Selasa 26 Nov 2019 04:19 WIB

Revisi Permen PPJB Untungkan Pengembang dan Konsumen

Pemerintah harus membuat aturan jelas dan berimbang.

Rep: Rahayu Subekti/ Red: Friska Yolanda
Pameran properti (ilustrasi)
Foto: Antara/Sigid Kurniawan
Pameran properti (ilustrasi)

REPUBLIKA.CO.ID, JAKARTA -- Kementerian Pekerjaan Umum dan Perumahan Rakyat (PUPR) sudah merevisi Peraturan Menteri (Permen) No 11/PRT/M/2019 tentang Sistem Perjanjian Pendahuluan Jual-Beli Rumah (PPJB). Pemerhati Kebijakan Publik Agus Wahyudin menilai hal tersebut menguntungkan pengembang dan konsumen. 

Sebab, kata di, jika aturan tersebut tidak direvisi akan terlihat berat sebelah. "Pemerintah harus berimbang, baik kepada konsumen maupun kepada pengembang," kata Agus, Senin (25/11). 

Dia mengatakan revisi kebijakan tersebut sejalan dengan apa yang sering diungkapkan Presiden Joko Widodo. Sebelum dilakukan revisi, aturan tersebut dinilai tidak adil.

Menurutnya, beberapa pasal dalam peraturan tersebut dinilai memberatkan pengembang.  "Diantaranya,  dalam Pasal 7 yang menyebutkan bahwa konsumen bisa membatalkan pembelian meski tak ada kelalaian dari pihak pengembang," tutur Agus.

Dalam hal tersebut, menurutnya kelalaian yang dimaksud adalah ketika perusahaan tak bisa memenuhi jadwal pelaksanaan pembangunan, penandatanganan PPJB, dan akta jual beli, serta jadwal serah terima. Kemudian, anjut dia, perusahaan wajib mengembalikan dana konsumen dengan memotong 10 persen dari total yang dibayarkan, ditambah atas biaya pajak yang sudah diperhitungkan sebelumnya.

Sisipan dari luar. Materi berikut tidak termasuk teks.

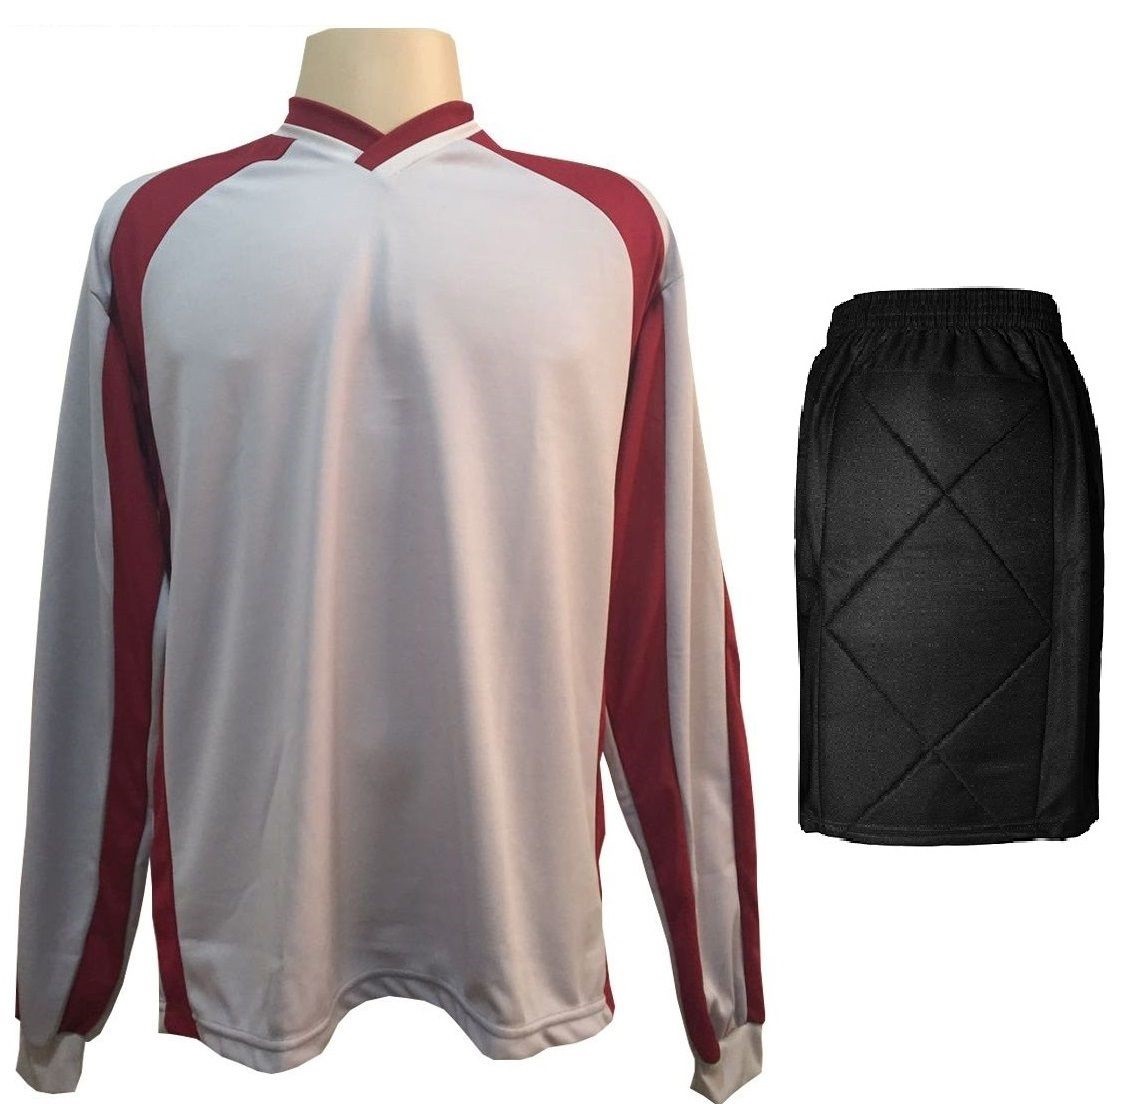 Uniforme Esportivo com 20 camisas modelo Milan Celeste/Branco + 20 calções modelo Copa + 1 Goleiro + Brindes
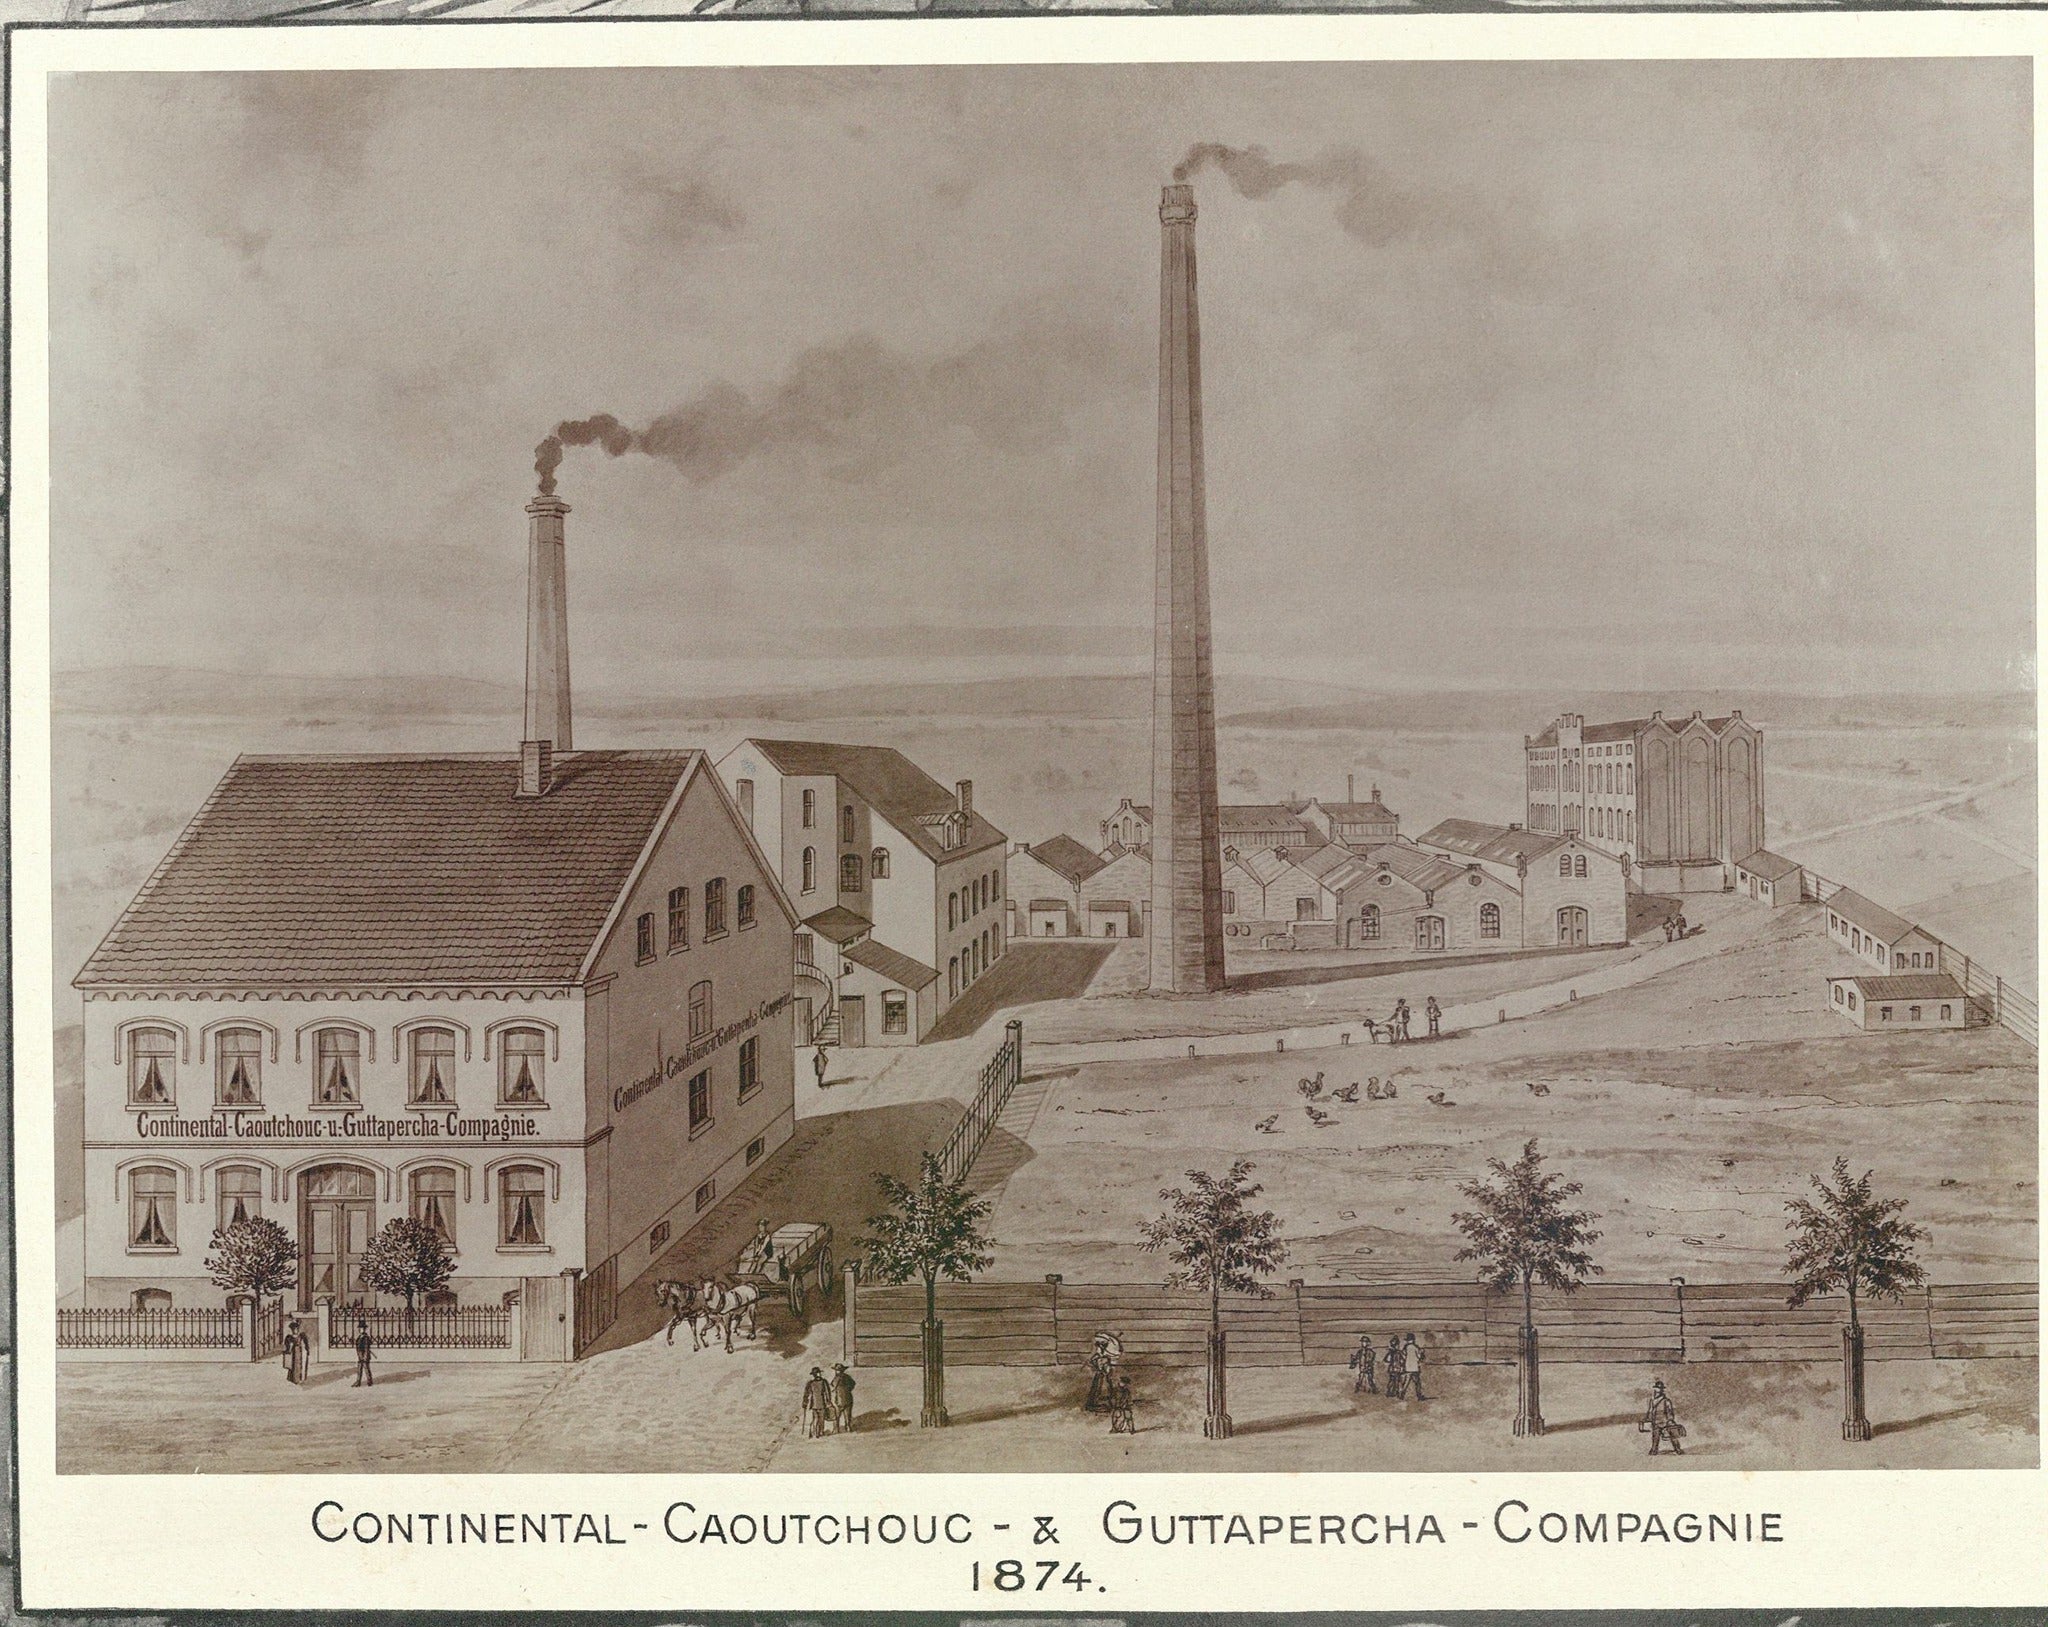 Desenho com imagem aérea da fábrica Continental Caoutchouc & Gutta-Percha Company foi fundada em Hanover em 8 de outubro de 1871

"Poin tersebut membuat pembeli dapat dengan mudah membatalkannya. Hal itu tentunya  berdampak pada kegiatan investasi yang akan dilakukan pengembang,” ungkap Agus. 

Menurutnya, sudah seharusnya sebuah aturan dibuat dengan jelas dan berimbang dengan berpedoman pada dampak yang akan ditimbulkan. Jika sebuah aturan memberatkan investor maka akan berdampak pada iklim investasi dan daya saing.

Terlebih, Kementerian PUPR menurutnya sudah mendapat masukan dan usulan awal dari pengembang saat penyusunan aturan tersebut. "Tetapi kenapa begitu diterbitkan berbagai masukan tersebut tidak ada sama sekali.  Ini akan berdampak pada biaya tingginya notaris yang akan berdampak kepada konsumen," jelas Agus. 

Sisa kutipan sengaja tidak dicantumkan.